Kaloyev received an eight-year sentence for killing the Danish air traffic controller Keystone

A Russian man who lost his family in a plane crash has been found guilty by a Zurich court of the intentional killing of the air traffic controller on duty.

Vitaly Kaloyev was sentenced to eight years in prison. Russian authorities said they would seek his extradition so that he can serve his sentence in Russia.

The Zurich cantonal court judged that the accused wanted to kill his victim, at least after the first blows with the knife. Kaloyev’s wife and two children were killed in the 2002 Überlingen crash.

The victim, a 36-year-old Dane, was on duty when two jets collided in mid-air in Swiss airspace in July 2002. He was stabbed to death in front of his wife at the family home near Zurich on February 24, 2004.

Kaloyev acknowledged in court that he must have killed the victim but said he could not remember the incident. The 49-year-old told the court that he never wanted to cause physical suffering to anybody.

Ulrich Weder, the Zurich cantonal prosecutor, had asked the court to sentence Kaloyev to 12 years’ imprisonment. He argued that the crime was clearly premeditated homicide, but fell short of murder because Kaloyev had not acted out of malice.

Call for leniency

Kaloyev was arrested the day after the killing in Zurich.
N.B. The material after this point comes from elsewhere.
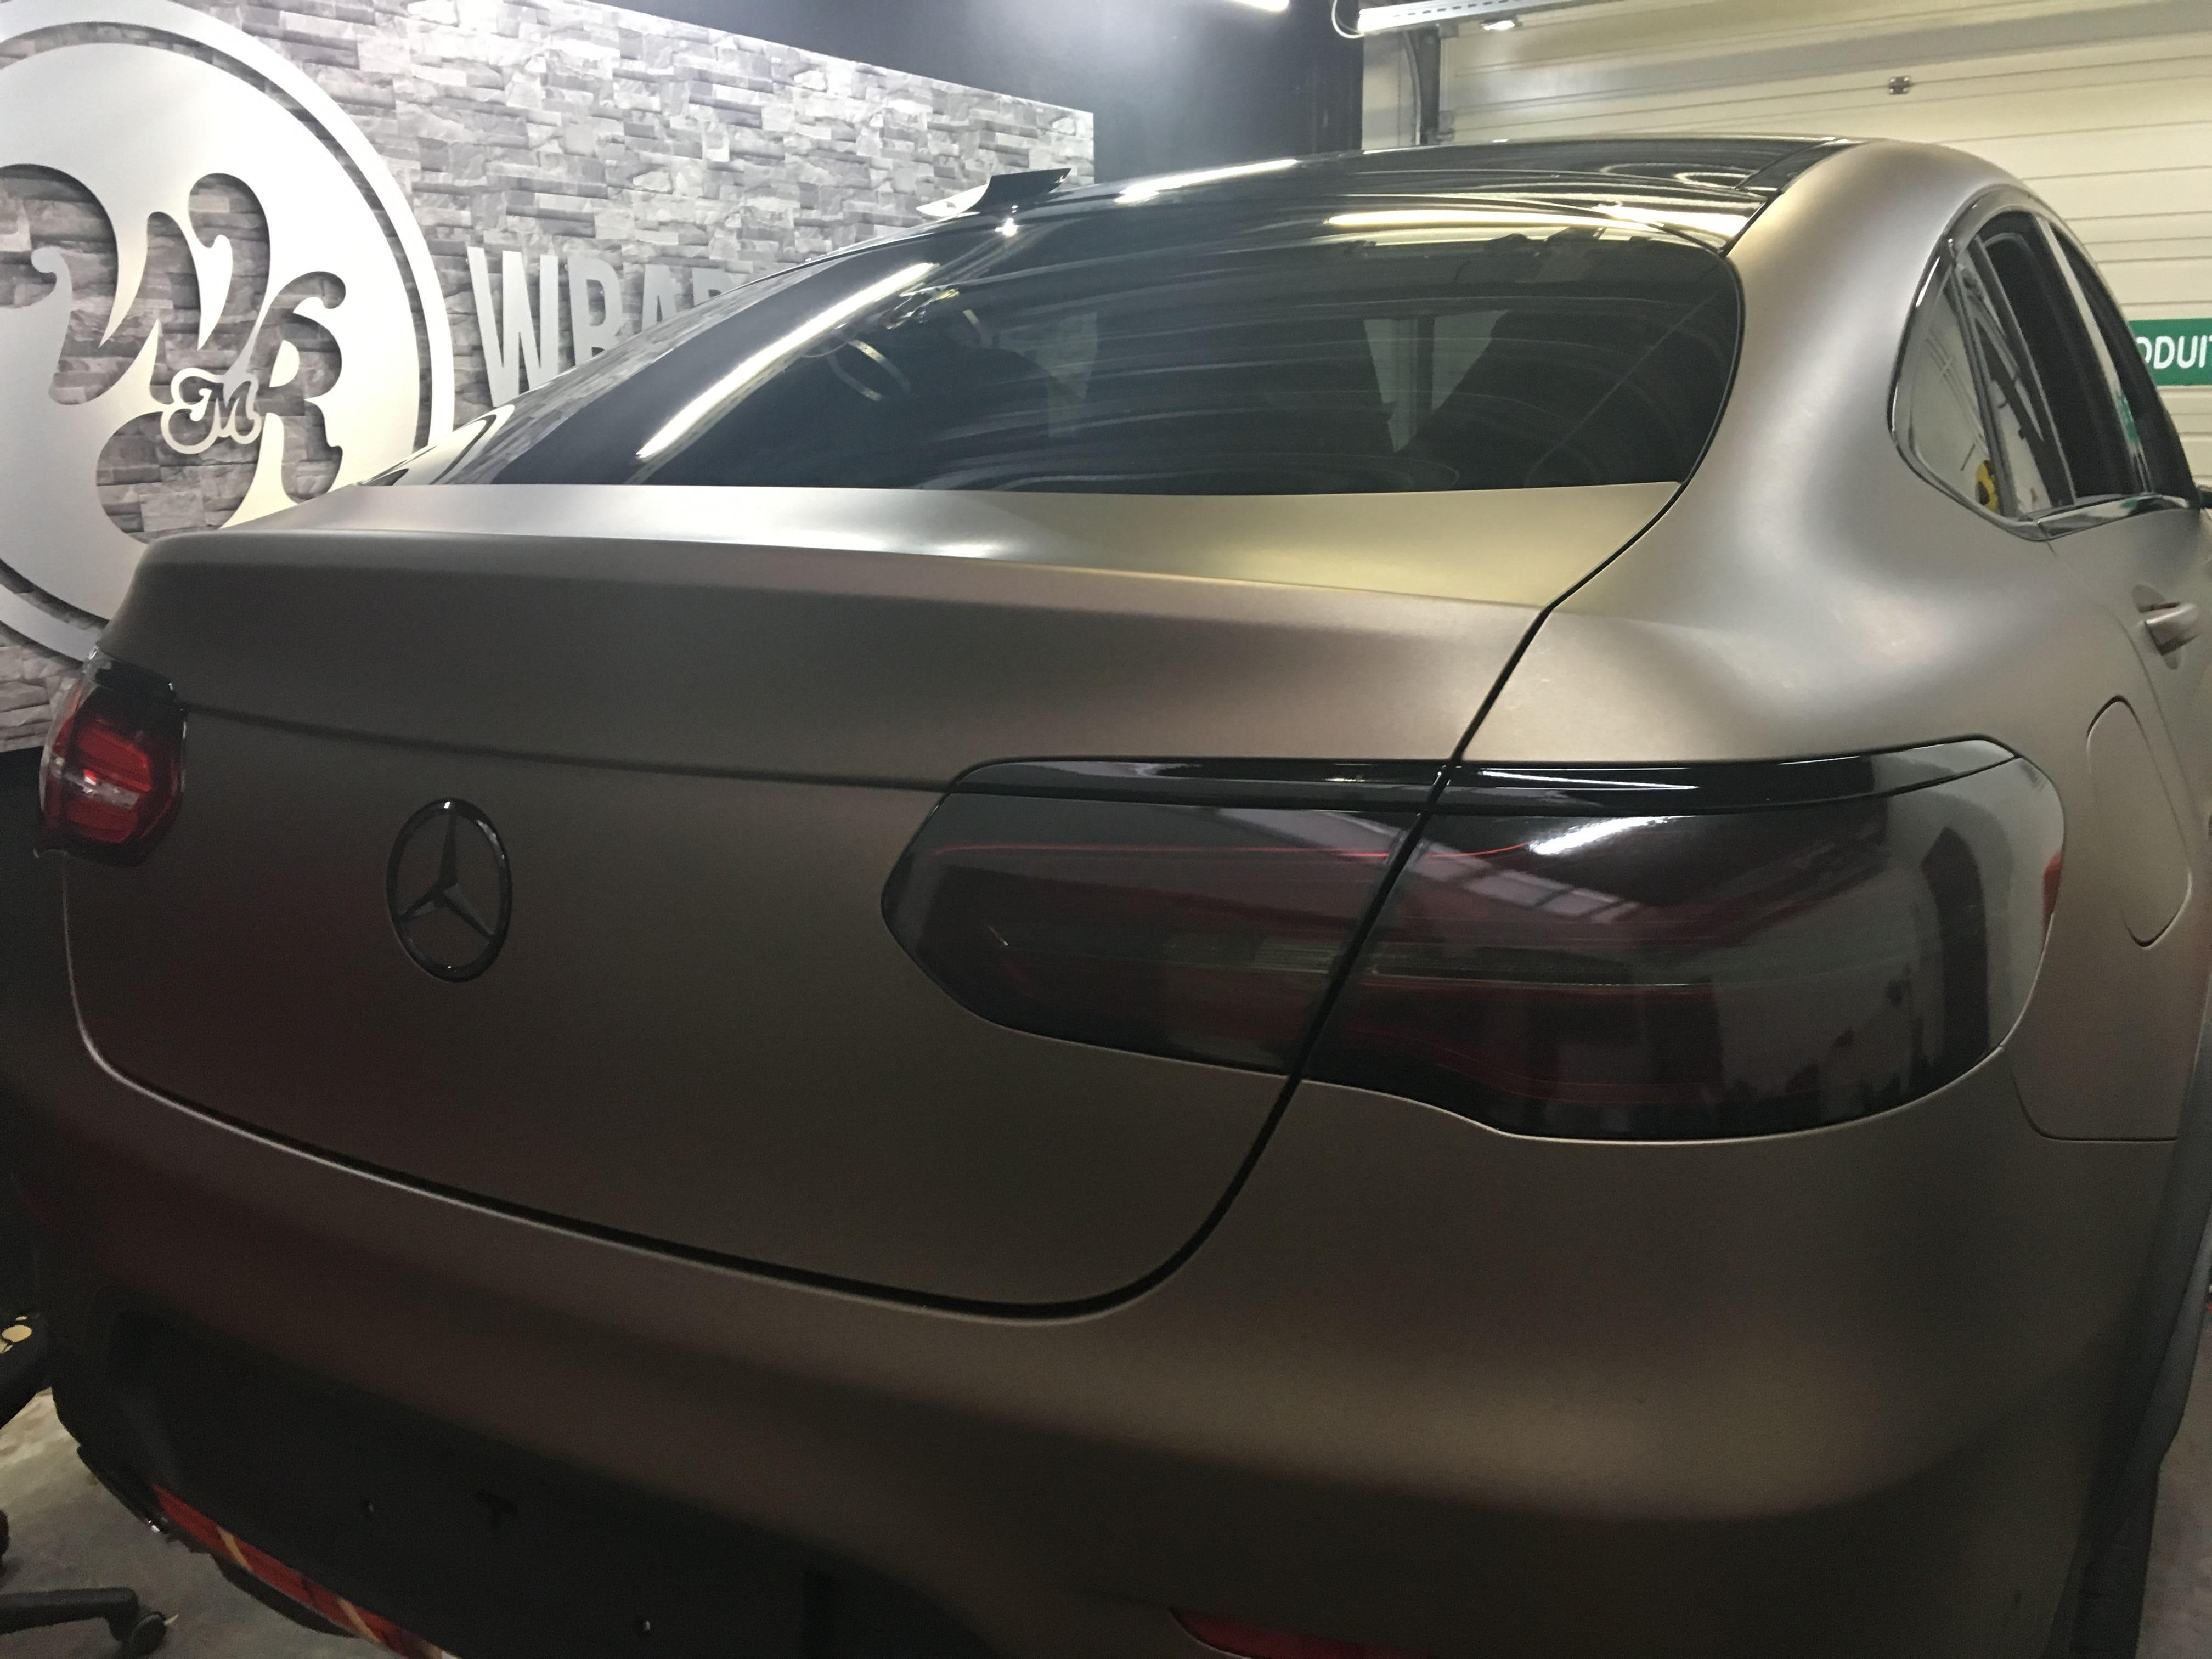 Mercedes GLC Coupe Matte metallic brown, Carwrapping door Wrapmyride.nu Foto-nr:9369, ©2021

His lawyers pleaded for manslaughter, saying that the defendant was tormented by great psychological distress at the time of the crime. They asked for a more lenient sentence of three years.

The crash killed 71 people, including Kaloyev’s wife and his two children who were on their way to visit him in Spain.
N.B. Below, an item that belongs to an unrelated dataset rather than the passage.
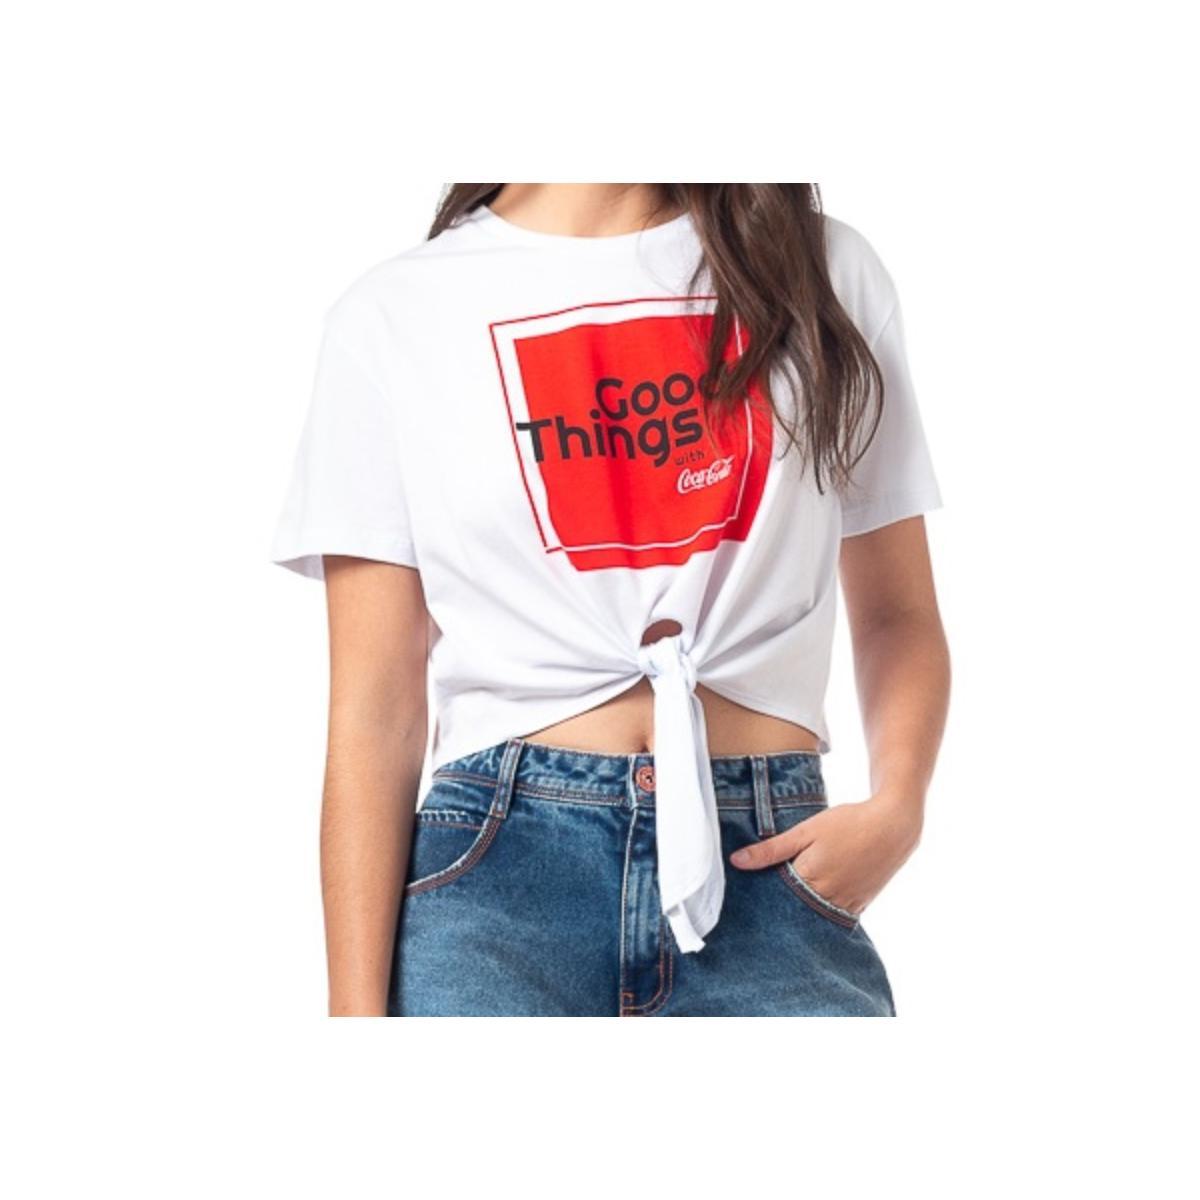 Blusa Feminina Coca-cola Clothing 343203188 0001 Branco

The trial is being closely followed in Russia, especially in Bashkortostan and North Ossetia, where most of the victims, including Kaloyev’s family, came from.

The controller was working the nightshift on his own in Skyguide’s Zurich operations centre when a Russian passenger jet and a DHL cargo place collided in mid-air on his watch.

Three months after his death, Germany’s Aircraft Accident Investigation Bureau partially blamed the controller for the crash.

swissinfo with agencies

On July 1, 2002, a Bashkirian Airlines passenger jet collided with a DHL cargo plane in Swiss air space, killing 71 people, 45 of them children.

On February 24, 2004, a Skyguide air traffic controller, who was on duty at the time of the accident, was stabbed to death. The next day, Russian architect Vitaly Kaloyev, whose wife and two children died in the crash, was arrested by police.

On October 26, 2005, Kaloyev was found guilty of intentional killing by a Zurich court.